Casi todo su tiempo lo dedicaba a cultivar la fuerza arcana. Yun Che, hasta los dieciséis años, solo la había visto unas pocas veces, y siempre de manera fugaz. Tenía una obsesión por la fuerza arcana que era difícil de entender para los demás.

Xia Qingyue se quedó en silencio un momento. Extendió su mano de jade, atrapó suavemente la nieve que volaba y dijo lentamente:

—¿Acaso tú no eres igual que yo? Tú... ¿por qué eres tan obstinado?

—Por mí mismo y por todas las personas que me importan a mi alrededor, para que no sean maltratadas. —respondió Yun Che sin dudar.

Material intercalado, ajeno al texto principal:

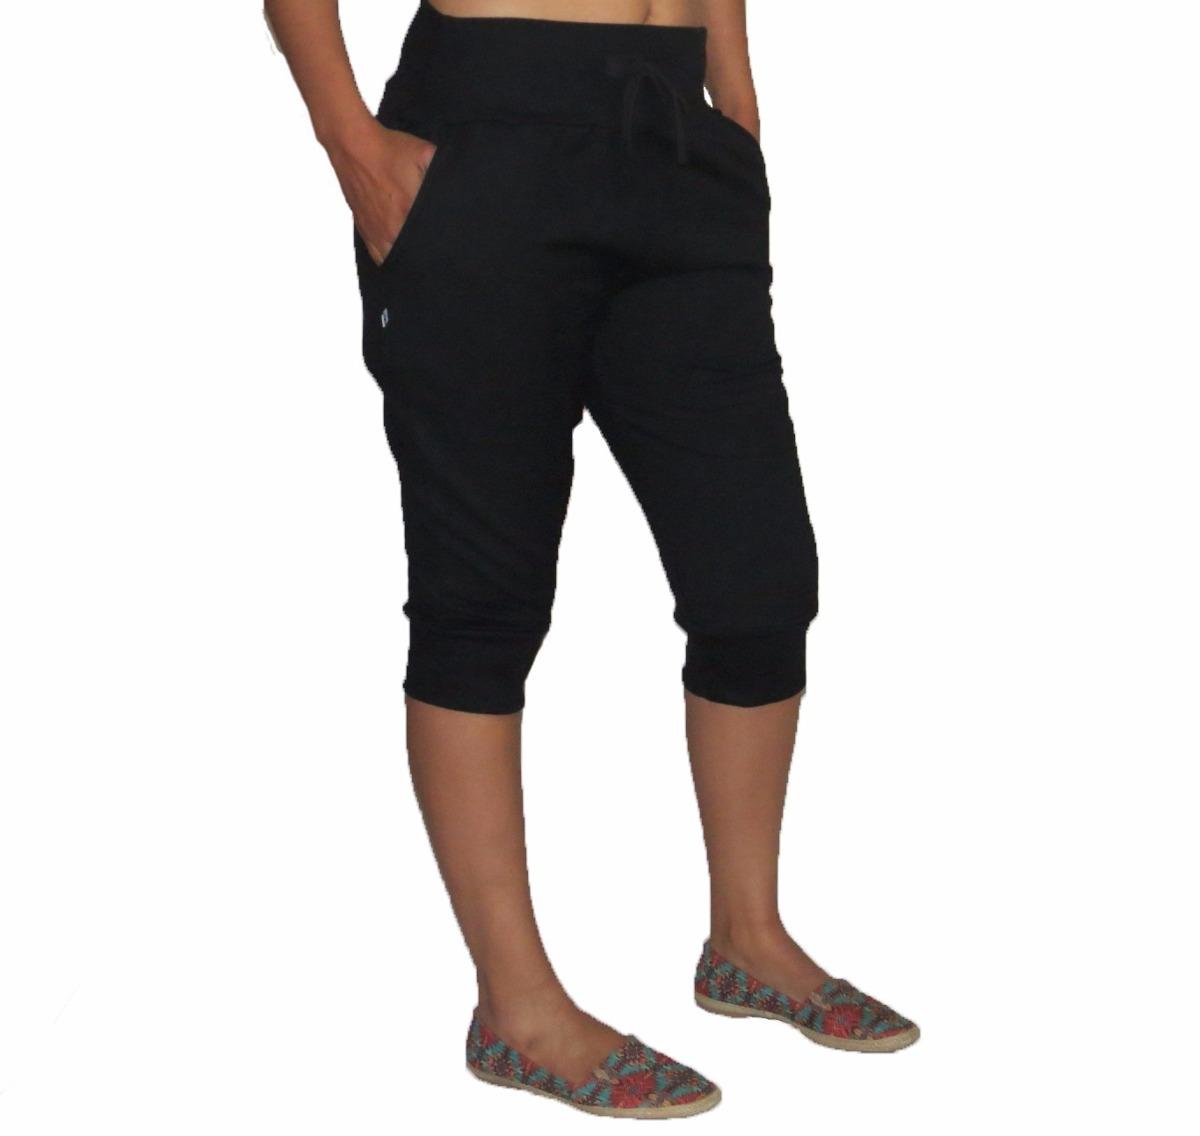 e8adb895573 bermuda feminina moletom capri calça skinny slim 3 4 saruel. Carregando  zoom.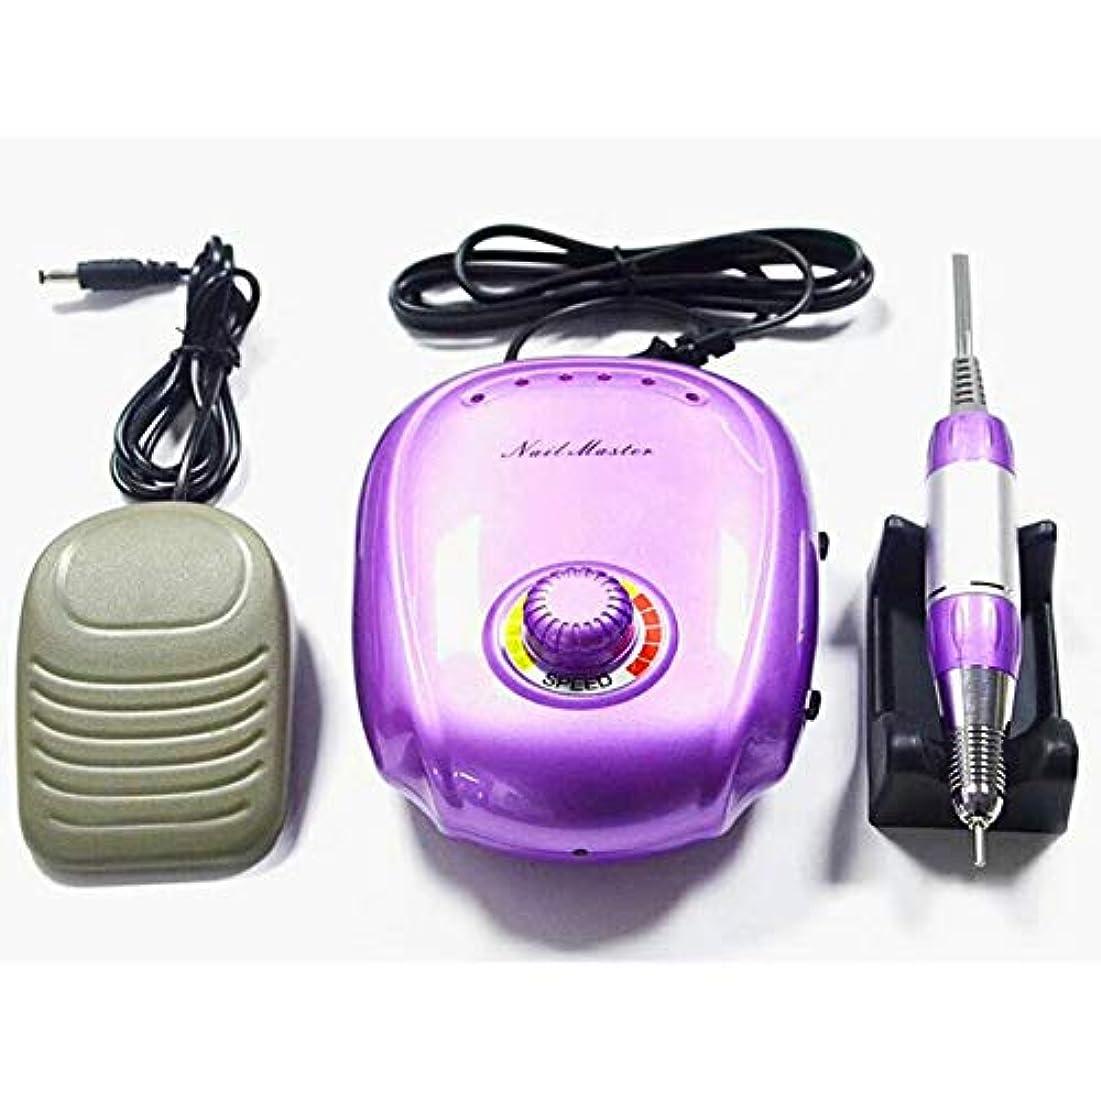 酔っ払い影響を受けやすいですタオル電動ネイルドリル、アクリルジェル用充電式マニキュアドリルペディキュア研磨ツールネイルアートペディキュアファイルDIY用ネイル機器用ポリッシャー(35000 RPM),紫色

—No ser maltratadas... —Xia Qingyue frunció ligeramente las pestañas, su voz era tan ligera como la nieve que caía—. Yo solo busco... la reunión de una familia.

Yun Che se conmovió interiormente, miró a Xia Qingyue con sorpresa y reflexionó en silencio sobre el significado de sus palabras. Después de un momento, preguntó:

—Esa "familia", ¿me incluye a mí? Hablando de familiares, yo, como tu esposo, soy... nominalmente, tu familiar más cercano.

La nieve se acumuló lentamente entre las manos de Xia Qingyue, pero no se derritió durante mucho tiempo. Ella levantó suavemente la mano, observando la blancura dispersarse en el viento frío, y una tristeza que ella misma no podía expresar se extendió silenciosamente en su corazón:

—Soy una persona que no merece tener un esposo... porque quizás nunca pueda cumplir con el deber de una esposa... En el futuro, un día, me iré de aquí, a un lugar muy, muy lejano, y tal vez nunca pueda regresar... —cerró los ojos y murmuró como en un sueño—. Antes, eras tan común como el polvo, solo me causabas una preocupación ocasional. Ahora que brillas como un diamante, yo, que no tengo futuro, me siento cada vez más aterrorizada...

RUMBLE...

Un retumbo lejano resonó, y el suelo también experimentó una leve vibración. Dos vórtices espaciales que se expandían rápidamente aparecieron frente a Yun Che y Xia Qingyue respectivamente.

—Parece que es hora de regresar...

Antes de que Yun Che terminara de hablar, los dos fueron absorbidos simultáneamente por los vórtices espaciales.